Implementing TrueNAS definitely reduces the amount of technical knowledge you will need, but it doesn't eliminate it completely.
However, this does NOT mean that you can design, install, set-up, manage on a day-to-day basis, and deal with any issues without any technical understanding, though you will certainly need less knowledge that you might otherwise do.
HexOS is purported to reduce the level of knowledge you need to setup and manage a TrueNAS installation, however the Addams family share a concern that if things go wrong you will then have even less technical knowledge and experience to draw upon to help fix things.
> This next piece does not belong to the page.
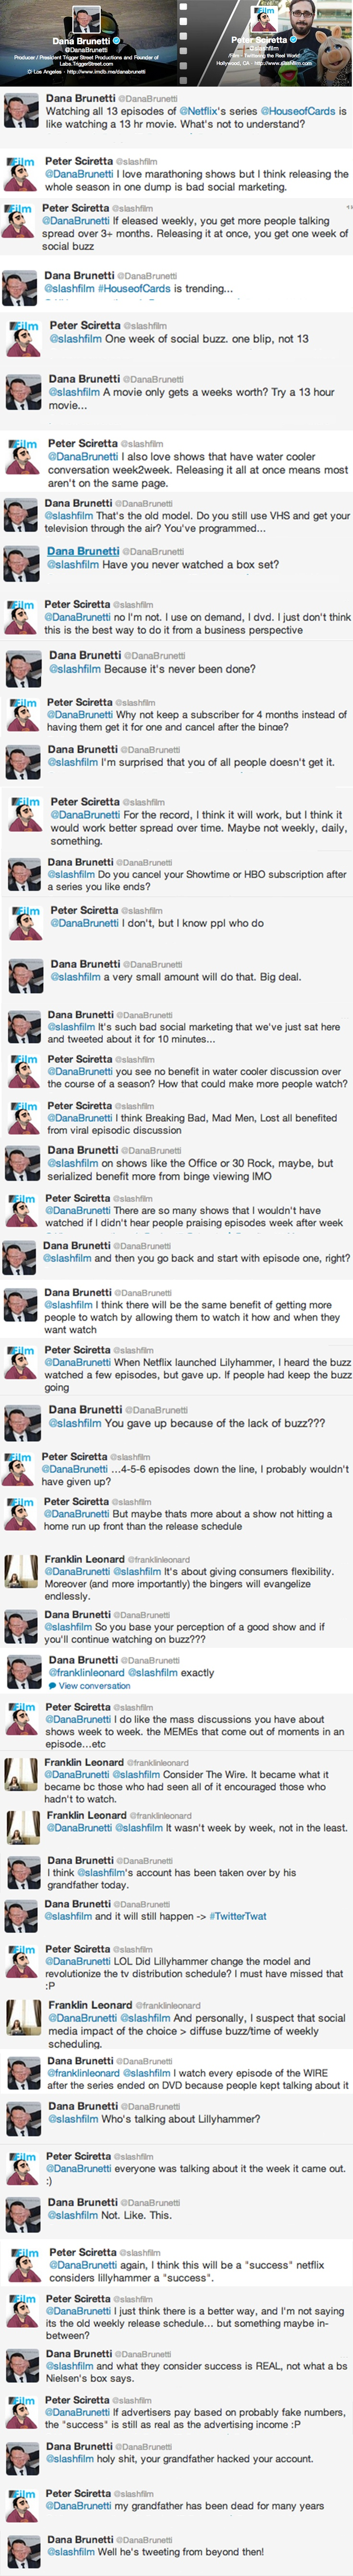 Slash Film vs Brunetti Does It Make Sense to Release House of Cards at Once on Netflix? The Slash Film vs Dana Brunetti Debate

This is a fairly opinionated list (and contributors should feel free to modify this list according to their own views):
boot-pool
which contains TrueNAS and which you should not write files to yourself. To store your files, apps and virtualised operating systems you will need one or more storage pools you create - each pool is a self-contained storage group./mnt
. Datasets can contain other datasets, zVolumes or normal directories and files. From a Linux perspective, each dataset is separately mounted - so copying or moving data between datasets will involve a physical copy of the files.A pool is made up of one or more virtual-devices or vDevs.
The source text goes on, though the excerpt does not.